For downward-looking linear array 3-D synthetic aperture radar (SAR), the azimuth and cross-track resolution are unacceptable due to the length limitation of synthetic aperture and linear array. Hence, superresolution reconstruction algorithms are desired. Since the signal to be reconstructed is sparse on the 2-D azimuth–cross-track plane, it is quite suitable to apply the compressive sensing theory to obtain the images. The existed imaging algorithms for downward-looking linear array 3-D SAR are based on 1-D compressive sensing, which could bring the couple effect between different directions. To solve this problem, a novel 3-D imaging algorithm based on 2-D compressive sensing is proposed in this paper. Instead of converting the sparse reconstruction of 2-D matrix signals to the sparse reconstruction of 1-D vectors, the proposed algorithm directly reconstructs the 2-D sparse signals on overcomplete dictionaries with separable atoms. It not only provides superresolution performance, but also reduces the storage of data acquisition and processing. Furthermore, a definition of joint sparse sampling strategy is given to reconstruct the measurement matrices for further improving the computational efficiency of the imaging algorithm. Moreover, in order to investigate the limits of the proposed algorithm, the theory analysis of Cram $acute{e}$r–Rao bound is derived and compared with the standard deviation. Finally, numerical simulations under the noise scenarios and the principle prototype experiment on real data are shown to demonstrate the validity and the limits of the proposed algorithm.
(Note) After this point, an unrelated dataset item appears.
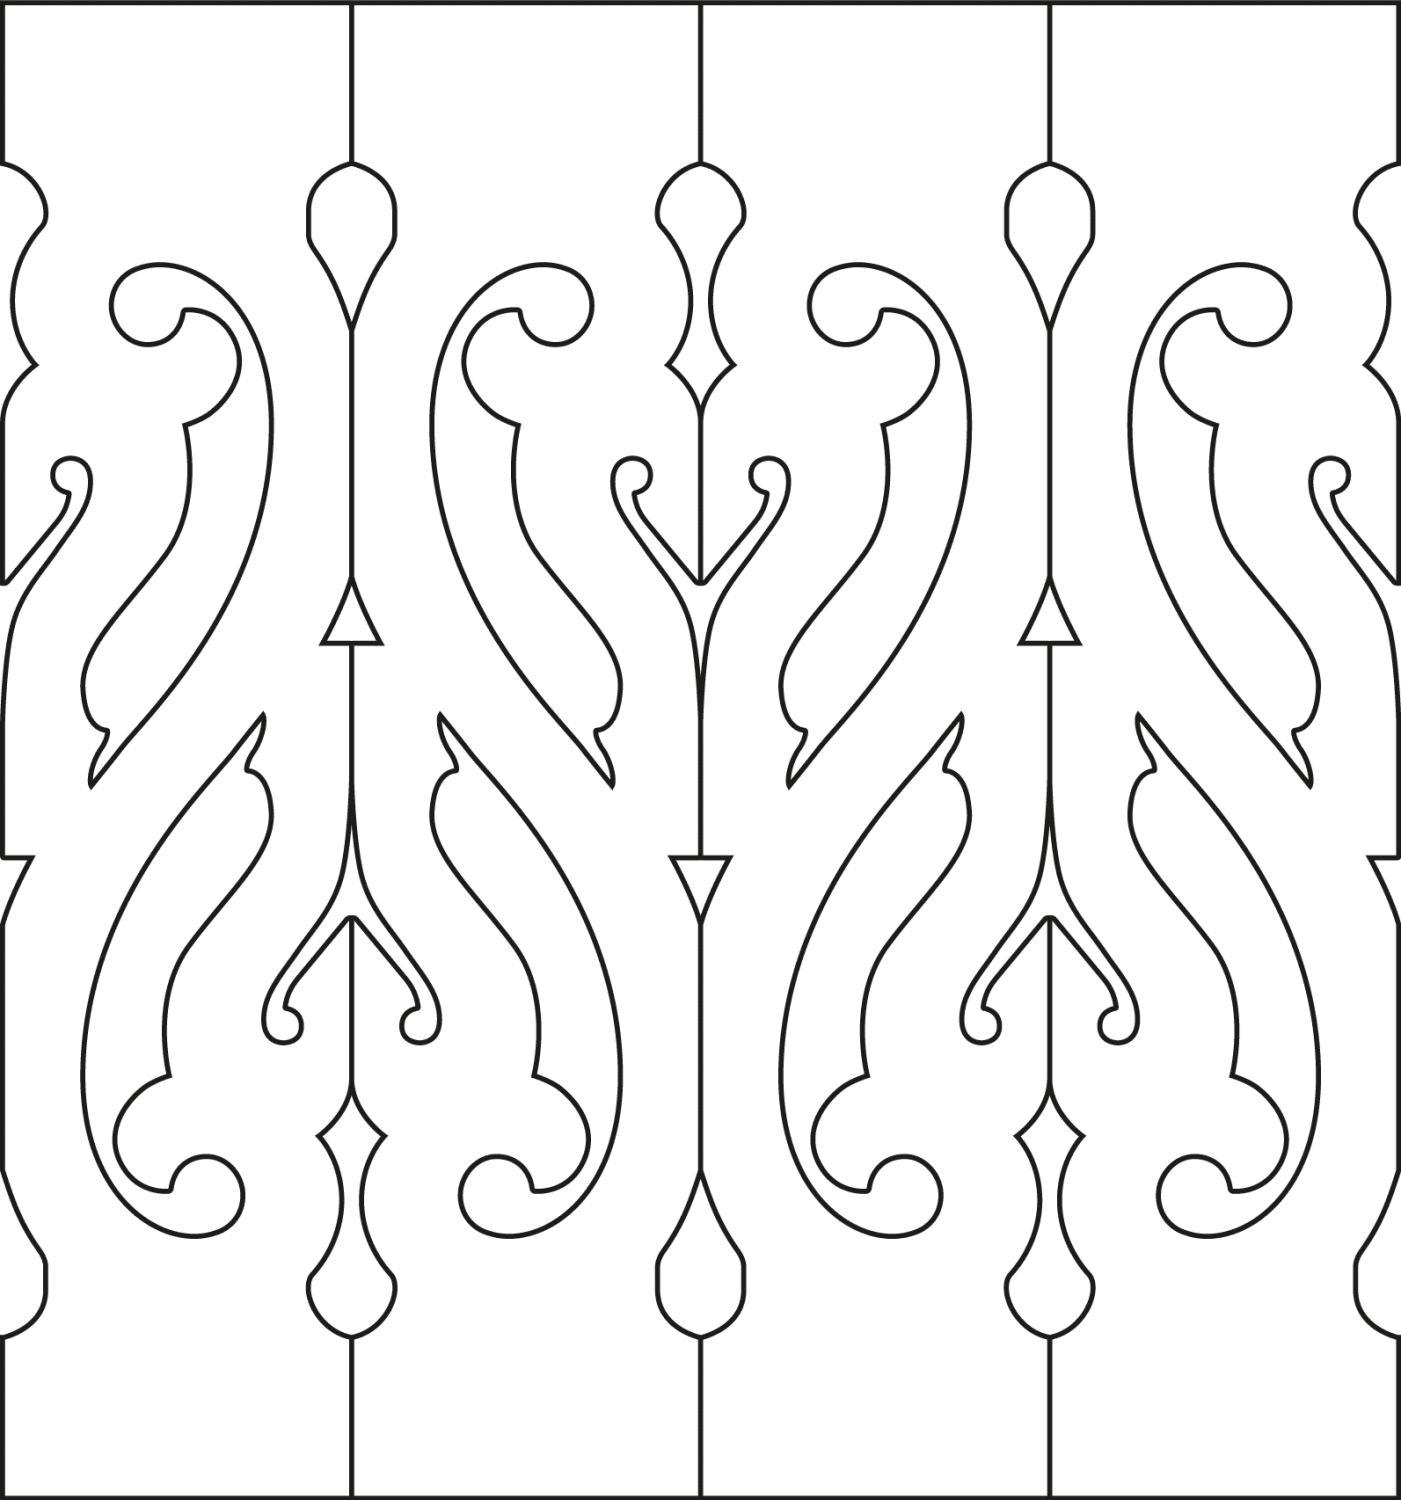 Baluster 012 - The drawing shows 4 Decorative victorian sawn balusters & pickets together

机译:对于向下看的线性阵列3-D合成孔径雷达(SAR),由于合成孔径和线性阵列的长度限制,方位角和跨轨分辨率是不可接受的。因此,需要超分辨率重建算法。由于要重建的信号在二维方位角交叉轨迹平面上稀疏,因此非常适合应用压缩感测理论来获取图像。现有的向下看的线性阵列3-D SAR成像算法基于一维压缩感测,可以在不同方向之间产生耦合效应。针对这一问题,提出了一种基于二维压缩感知的新型3-D成像算法。所提出的算法不是将二维矩阵信号的稀疏重建转换为一维矢量的稀疏重建,而是直接在具有可分离原子的超完备字典上直接重建二维稀疏信号。它不仅提供超分辨率性能,而且减少了数据采集和处理的存储量。此外,给出了联合稀疏采样策略的定义,以重构测量矩阵,以进一步提高成像算法的计算效率。此外,为了研究该算法的局限性,推导了Cram $ acute {e} $ r-Rao界的理论分析,并将其与标准偏差进行比较。最后,在噪声场景下进行了数值模拟,并对真实数据进行了原理原型实验,证明了该算法的有效性和局限性。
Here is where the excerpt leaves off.